• May 7, 2026
  • 5 min read

Gemma-4-31B-it API on FriendliAI: #1 Output Speed & Response Time

TL;DR
  • Gemma-4-31B-it is a dense, instruction-tuned, vision-language model by Google DeepMind, and it’s now available on Friendli Model APIs and Dedicated Endpoints.
  • FriendliAI delivers the highest-performance inference for Gemma-4-31B-it, ranking #1 for output speed, time-to-first-token, and end-to-end response times according to Artificial Analysis.
  • The model excels at inference for coding, agentic workflows, document extraction, and question answering.
  • It achieves frontier model results on benchmarks: 2,150 Codeforces ELO, 89.2% AIME 2026, 84.3% GPQA Diamond, and 76.9% MMMU Pro.
  • Learn how to execute agentic code reviews with Gemma-4-31B-it on FriendliAI.
Gemma-4-31B-it API on FriendliAI: #1 Output Speed & Response Time  thumbnail

Gemma-4-31B-it is the largest of the Gemma 4 open-weight model family by Google DeepMind. The model is live on FriendliAI, and our Model API delivers industry-leading output speeds, time-to-first-token, and end-to-end response times, according to Artificial Analysis.

It’s a 31B parameter dense, instruction-tuned, and multimodal vision-language model (VLM) equipped with configurable thinking and native function calling capabilities for advanced reasoning and agentic workflows. With FriendliAI, developers have two deployment options:

  • The Friendli Model API is a serverless endpoint that lets you run high-performance inference with a single API call to a designated model — no infrastructure management required.
  • Friendli Dedicated Endpoints serve the fastest, most scalable, and reliable inference for open-weight models on reserved GPU capacity — delivering 2–5x higher throughput than standard self-managed inference deployments.

Try Gemma-4-31B-it on FriendliAI.

Gemma-4-31B-it: Google’s open-weight agentic coding model

Gemma-4-31B-it is a dense transformer with about 31 billion total parameters across 60 layers, paired with a 550M-parameter vision encoder. Its hybrid attention pattern lets the model use the full 256K context window without straining memory during long-document inference. BF16 weights fit can be served on a single 80GB H100 and quantized variants can run on workstation GPUs under appropriate runtime configurations. The training data extends through January 2025 and spans web text, code, math, and images in 140+ languages.

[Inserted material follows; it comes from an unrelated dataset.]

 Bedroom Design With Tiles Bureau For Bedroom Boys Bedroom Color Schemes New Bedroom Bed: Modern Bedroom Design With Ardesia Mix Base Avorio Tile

The multimodal VLM accepts text or image inputs and produces text outputs. Variable image resolution and aspect ratio are handled natively, with a configurable visual token budget between 70 and 1120 tokens that lets you trade compute for fidelity on a per-call basis. It does not accept audio — that's a feature reserved for Gemma 4 E2B and E4B.

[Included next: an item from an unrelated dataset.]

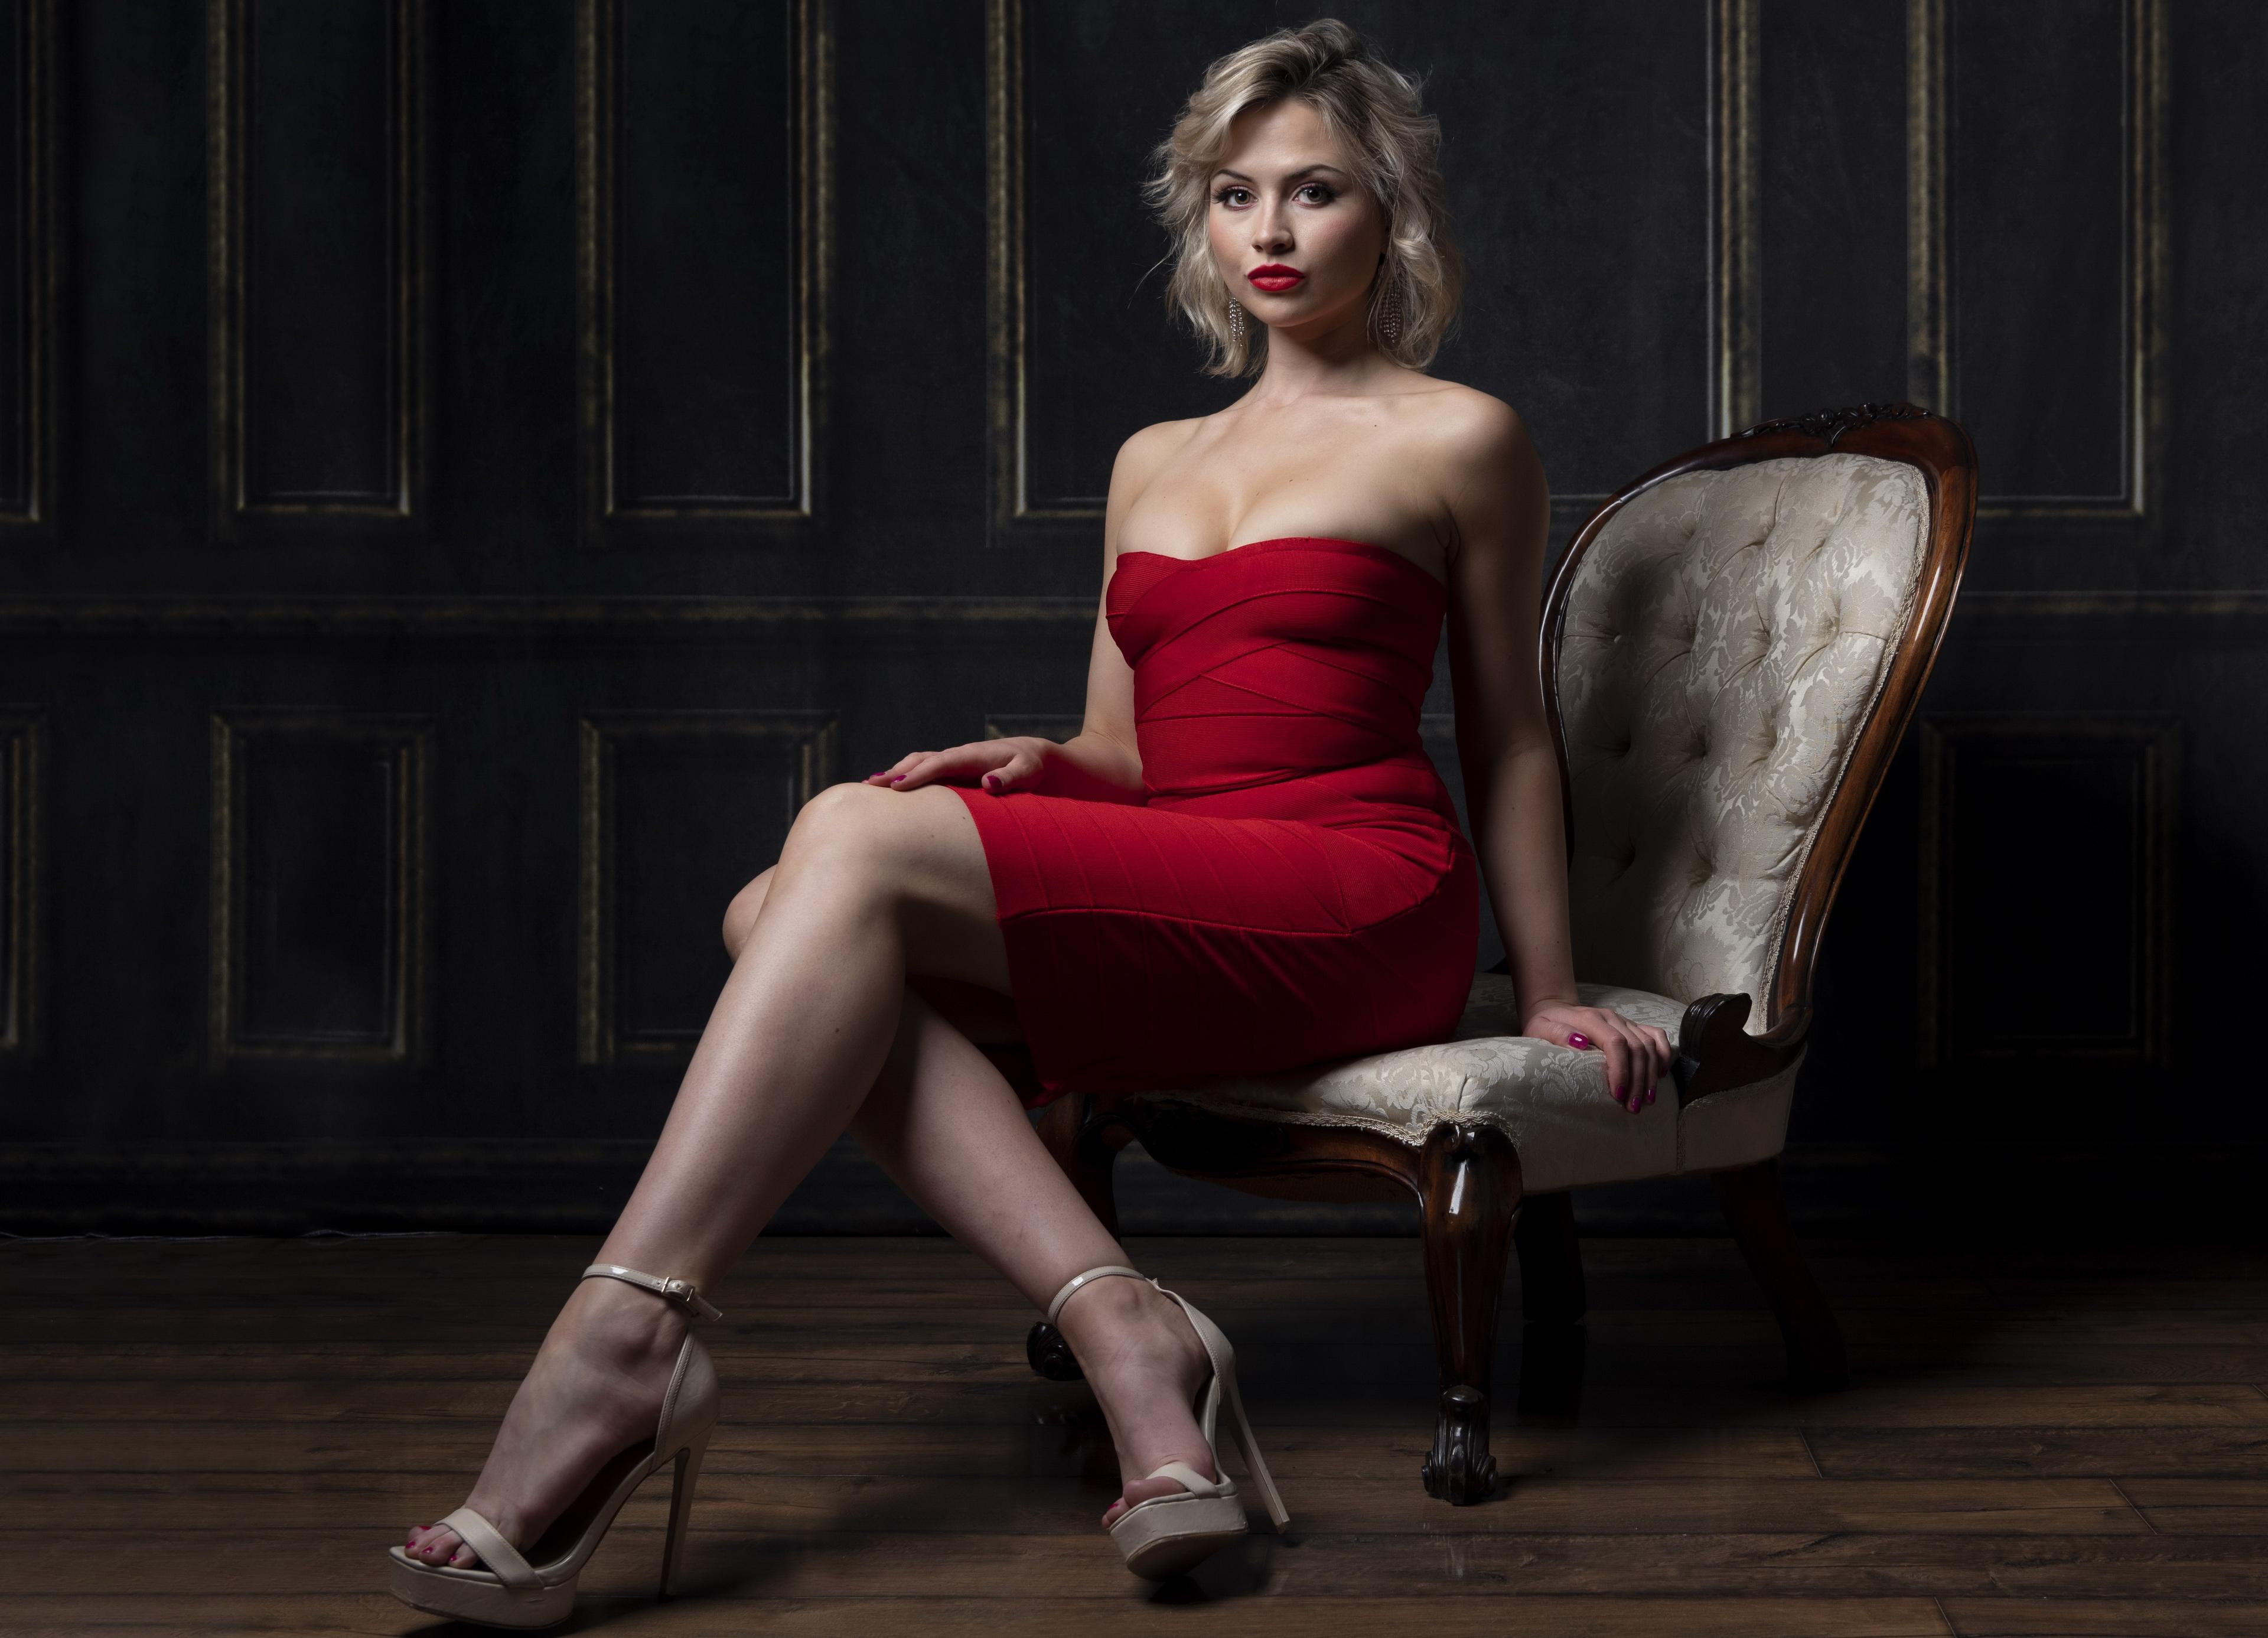 Model Women Blonde Dark Eyes Dress Red Dress Strapless Dress Lipstick Red Lipstick Bare Shoulders Le 3840x2773

It features native agentic primitives that support function calling, structured JSON output, and system roles for the chat template, so developers don't have to ask the model to use tools with awkward prompting tricks. Configurable thinking mode enables the model to rationalize its reasoning before generating a response. Disable this setting, and it answers directly. No fine-tuning, no separate model — same weights, two operating modes.

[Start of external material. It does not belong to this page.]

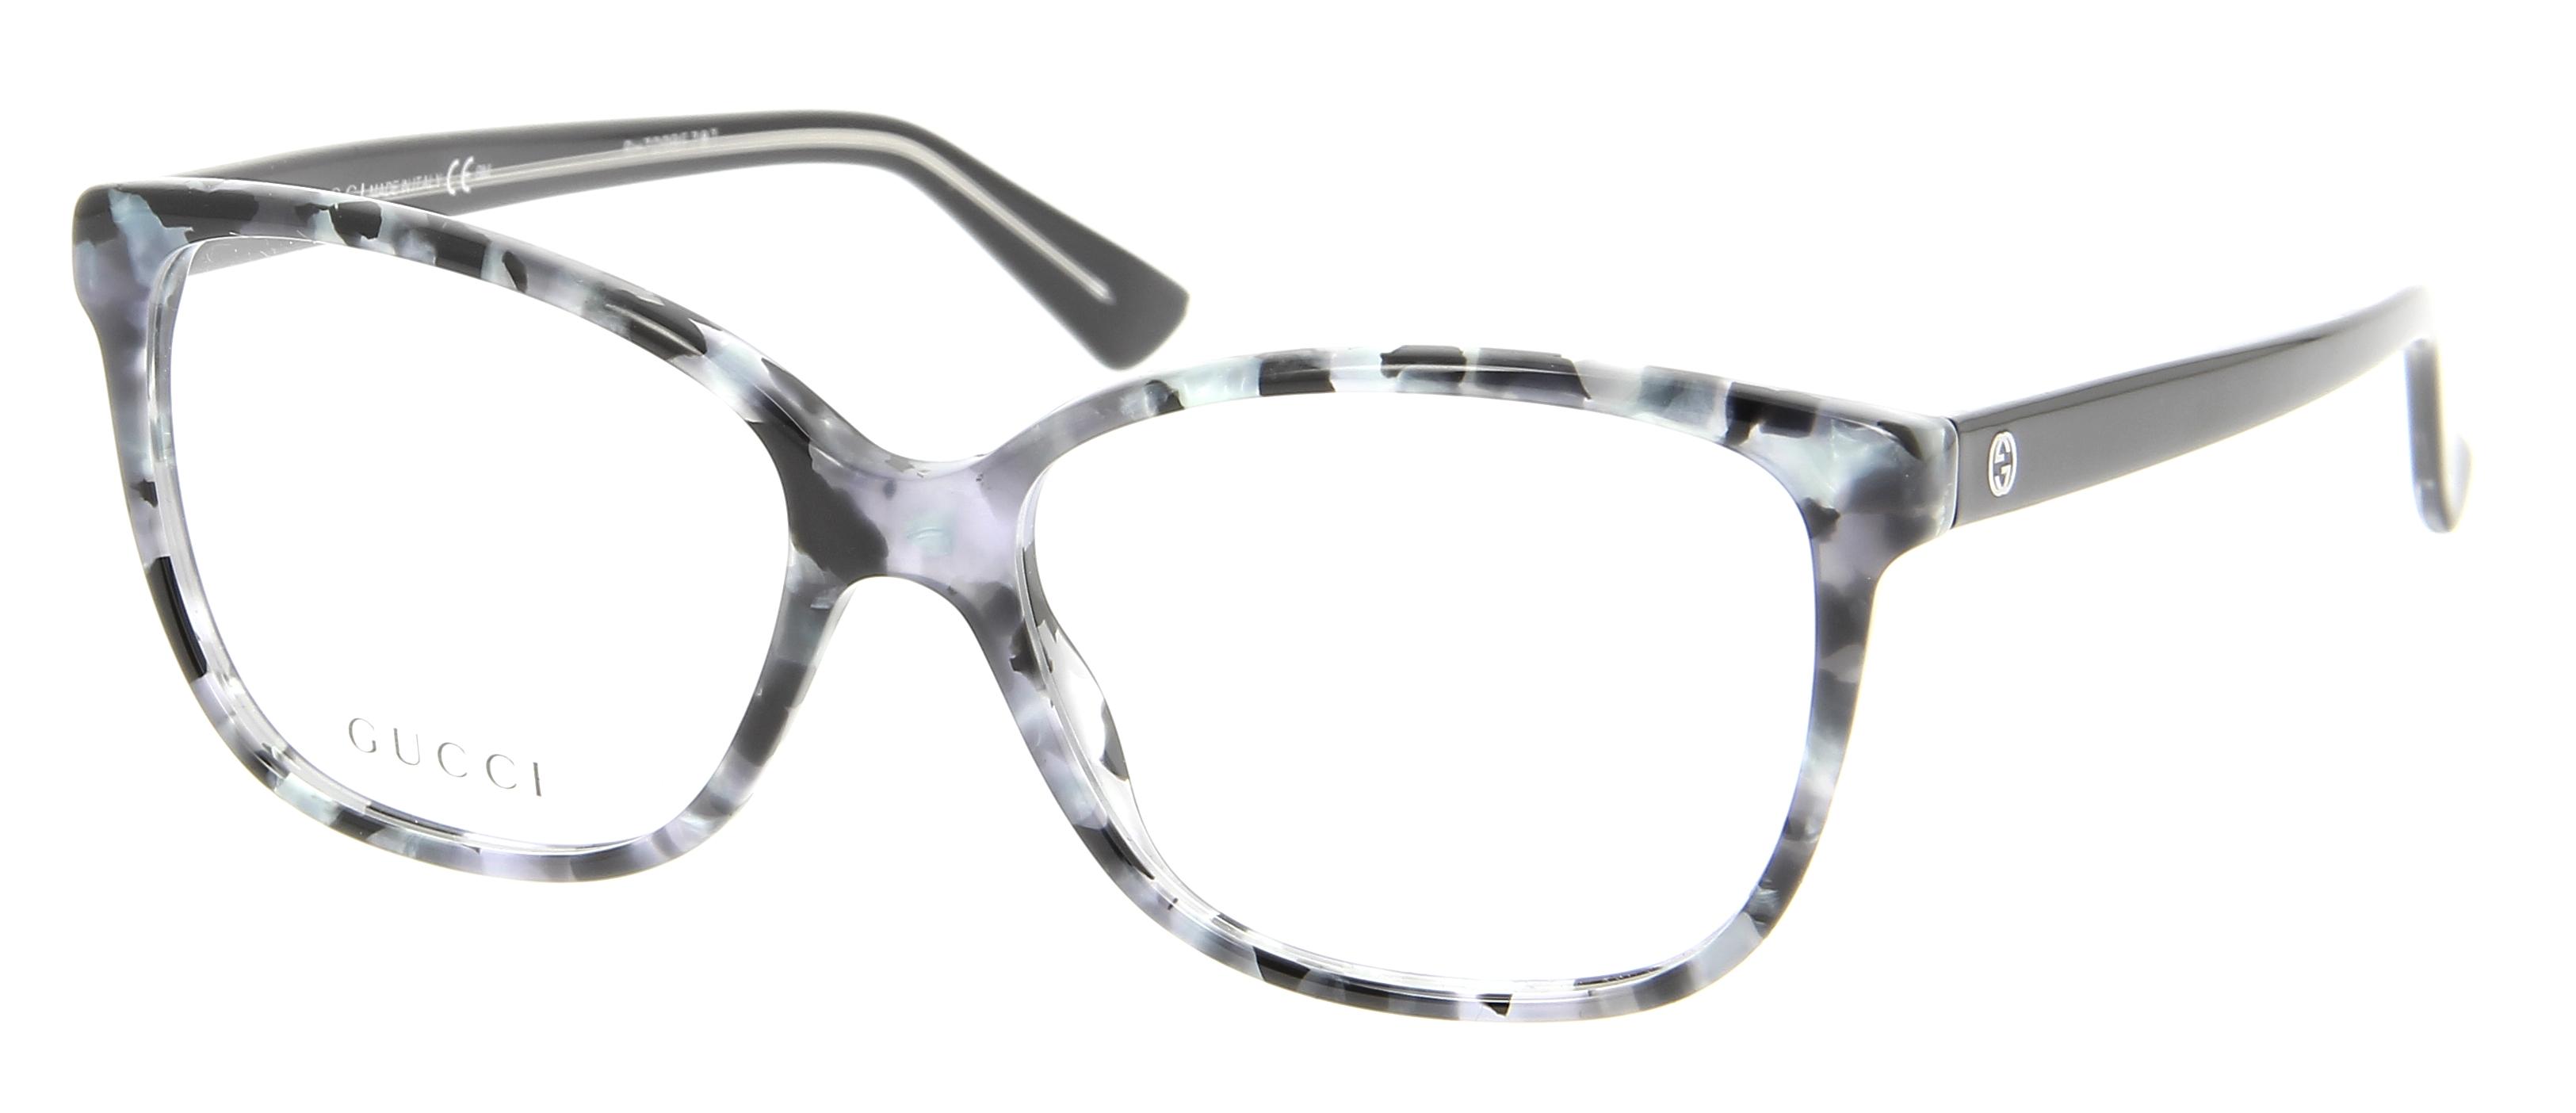 lunettes de vue gucci gg 3724 hnw 53 15 femme ecaille. Black Bedroom Furniture Sets. Home Design Ideas

Gemma-4-31B-it is well-suited for the following applications:

  • Code-review and coding-assistant pipelines
  • Agentic workflows that chain tool calls with structured outputs
  • Document-extraction systems that mix layout-heavy PDFs with downstream reasoning
  • Research-grade question answering where the answer matters more than the latency

Gemma-4-31B-it on FriendliAI: #1 on Artificial Analysis

FriendliAI serves the fastest, most scalable inference for Gemma-4-31B-it with reasoning enabled — ranking #1 for output speed, time-to-first-token, and end-to-end response times according to Artificial Analysis.

The performance leaderboard reported FriendliAI’s Model API generating 71 output tokens per second. For workloads with 10k input tokens, FriendliAI produces the first token in 30.3 seconds and 500 output tokens in a total of 37.3 seconds. Our optimized inference stack beats seven other inference providers offering model APIs for Gemma-4-31B-it for each of these metrics.

output speed
Output tokens per second based on requests with 10k input tokens. Source: Artificial Analysis, May 6, 2026.
end-to-end response times
Total response times for 10k input tokens and 500 output tokens. Source: Artificial Analysis, May 6, 2026.

Gemma-4-31B-it outperforms all Gemma 4 models and even larger models with higher parameter counts, scoring at frontier model scale on AIME 2026, GPQA Diamond, and LiveCodeBench v6.

  • Competitive coding. 31B-it scores a 2,150 Codeforces ELO and 80.0% on LiveCodeBench v6 — territory that, until recently, belonged to closed-source frontier models. Up against Gemma-3-27B's 110 ELO, it's not a small step.
  • Advanced math and graduate-level reasoning. 89.2% on AIME 2026 (no tools), 84.3% on GPQA Diamond, and 74.4% on BigBench Extra Hard. Thinking mode is doing real work here.
  • Multimodal document understanding. 76.9% on MMMU Pro, 85.6% on MATH-Vision, and a 0.131 average edit distance on OmniDocBench 1.5 — strong enough for OCR, chart parsing, and long-form PDF extraction.

Getting started on FriendliAI

You can run Gemma-4-31B-it on Model APIs for serverless inference billed by the token, or on Dedicated Endpoints if you'd rather pin reserved GPU capacity to your workload.

Pricing for Model APIs:

Token typePrice (per 1M tokens)
Input tokens$0.14
Output tokens$0.40

Set up your dependencies:

  1. Create an account at friendli.ai.
  2. Generate a Friendli API key and export it:
    export FRIENDLI_API_KEY="YOUR_API_KEY"
  3. Install the OpenAI Python SDK (recommended): pip install openai

For Dedicated Endpoints, the deployment flow is:

  1. Open the Dedicated Endpoints console and pick google/gemma-4-31B-it from the model catalog.
  2. Choose your GPU architecture. Select B200, H200, H100, or A100, depending on availability and quantization.
  3. Configure the endpoint. Select your quantization: BF16 or one of the supported quantized formats. Enable host KV cache for prompt-prefix reuse, turn on autoscaling, and set min/max replica counts as necessary.
  4. Deploy; the endpoint ID returned to you is what you'll pass to the SDK as ENDPOINT_ID.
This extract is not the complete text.